Britain has weathered the global slowdown well and is in good shape for growth this year compared with other leading industrial nations. And with its competititve tax base and open regulatory environment, the country’s future as Europe’s most popular inward investment destination seems secure, reports Sean Cronin

Bounceback for top spot

Believe it or not, the UK is still experiencing an economic upturn which began as far back as 1992 the longest period of uninterrupted growth on record. While the pace of that growth has slowed considerably, the economy has proved to be more resilient than have most of its European neighbours.

The UK government is forecasting growth in gross domestic product of 2.5-3% for the year ahead, while the CBI has a more conservative estimate of 2.4%. This outlook compares favourably with France and Germany the UK’s two main rivals for foreign investment into Europe.

Although the French government is predicting 2.5% growth, the figure is being seen as ambitious. Meanwhile, the German government is forecasting growth of just 1.5% for its own economy.
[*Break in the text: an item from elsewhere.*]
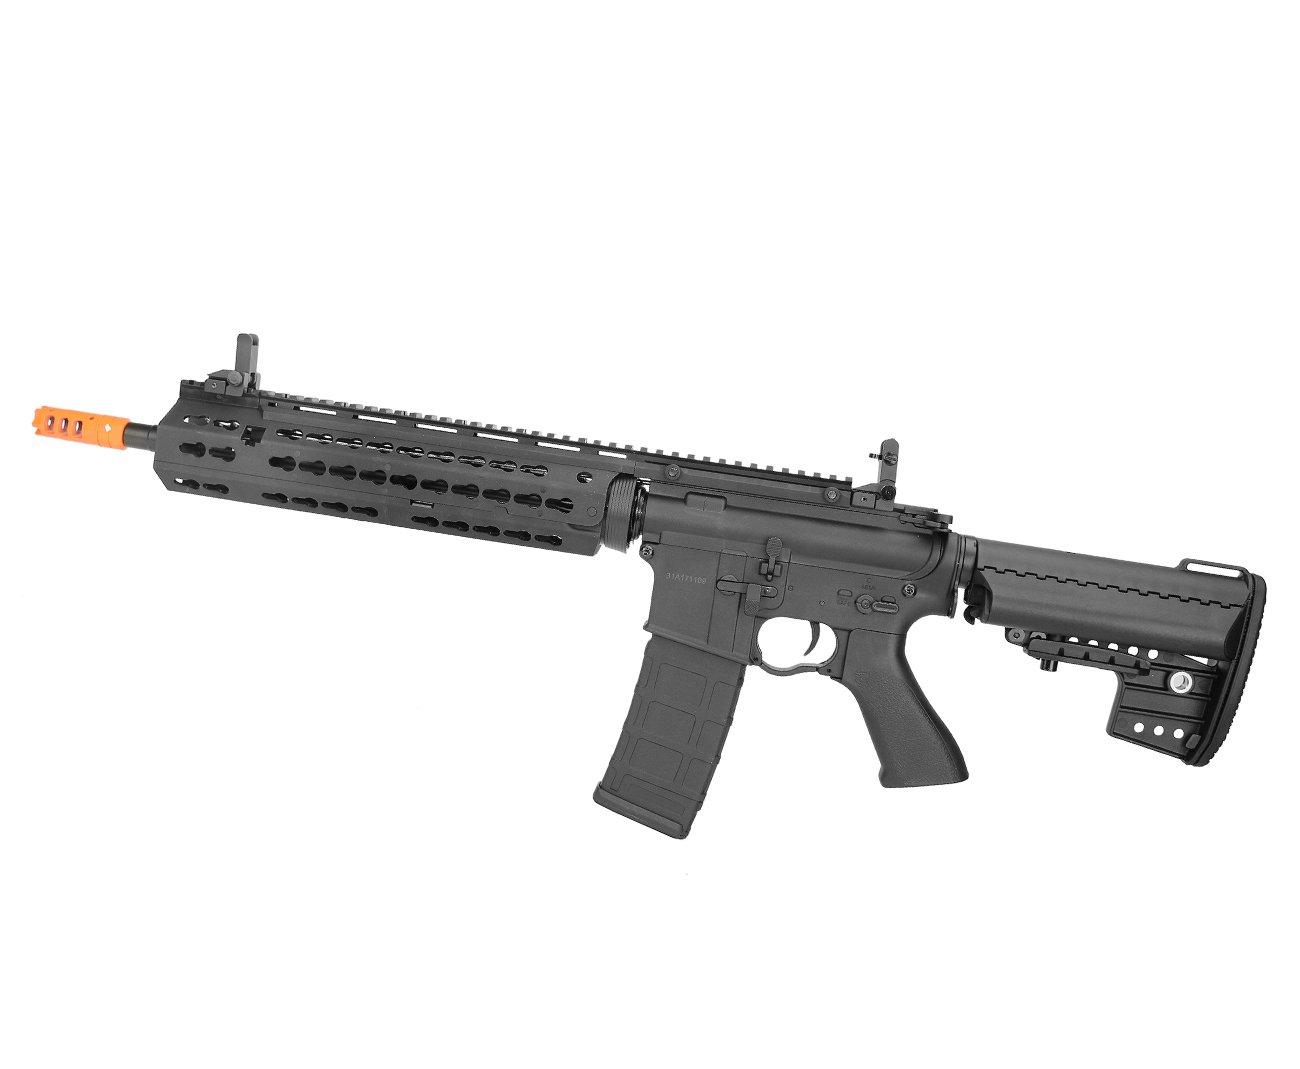 Rifle De Airsoft Cyma M4 Long Keymod Cm619 Bivolt Cal 6.0mm Cyma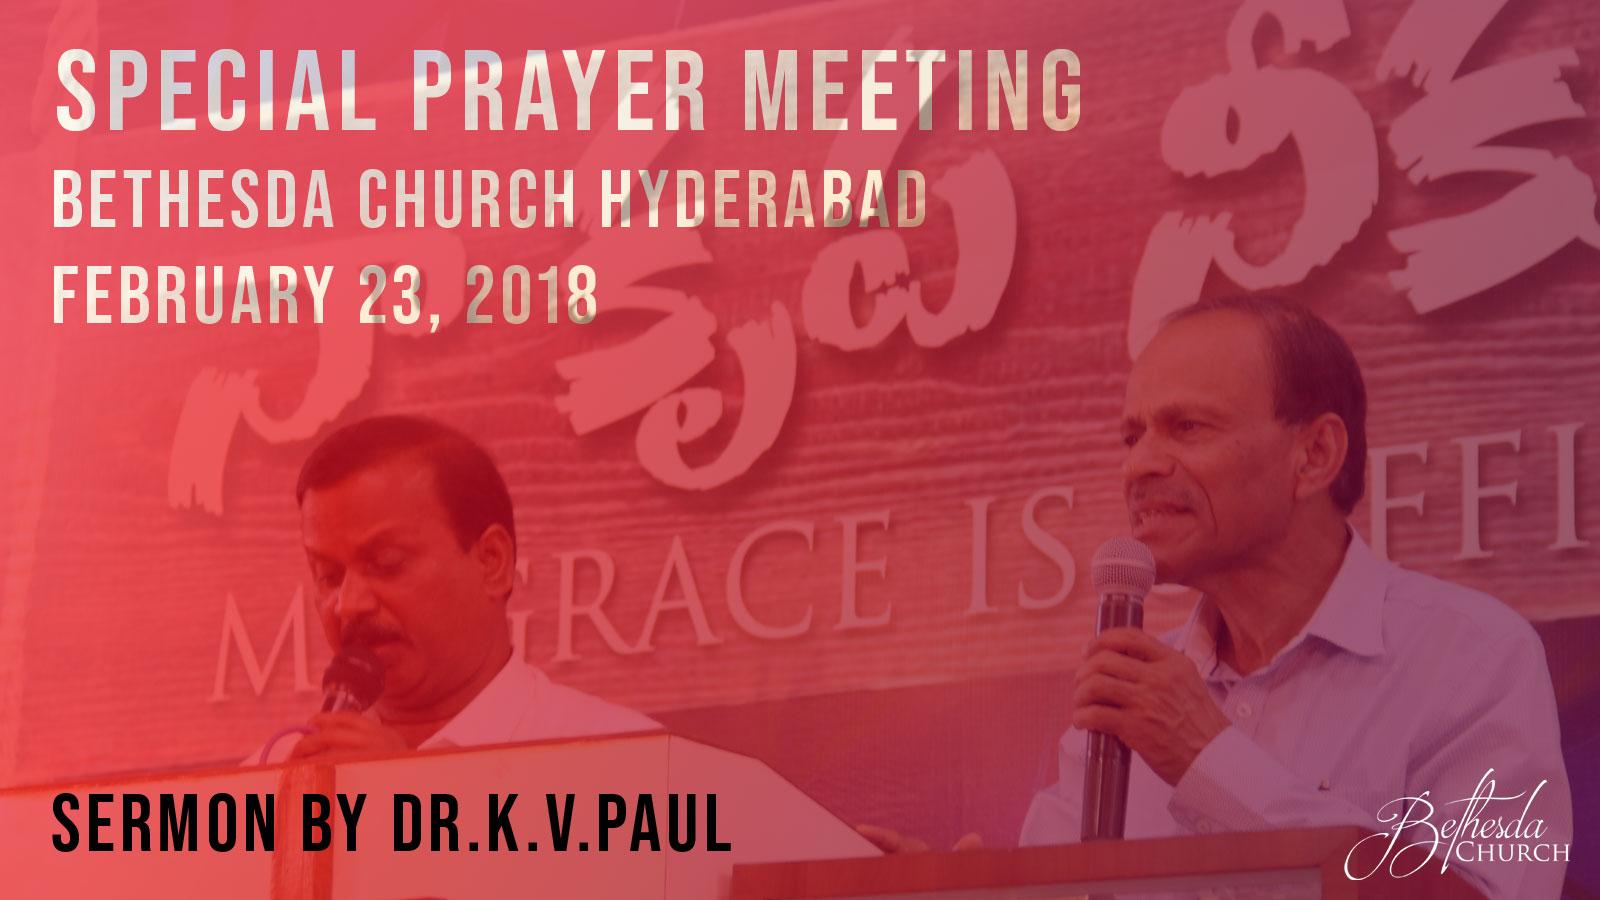 Special Prayer Meeting (A350)

Britain is in good shape for a recovery, according to the CBI. “The rebound in global demand in 2002 has been anaemic, but the UK has weathered the storm better than other leading industrial nations and we still expect a decent recovery in the course of the year,” says CBI chief economist Ian McCafferty.

Competition from east

The UK is still the most favoured inward investment location in Europe, with 16% of market share, followed by France with 13%.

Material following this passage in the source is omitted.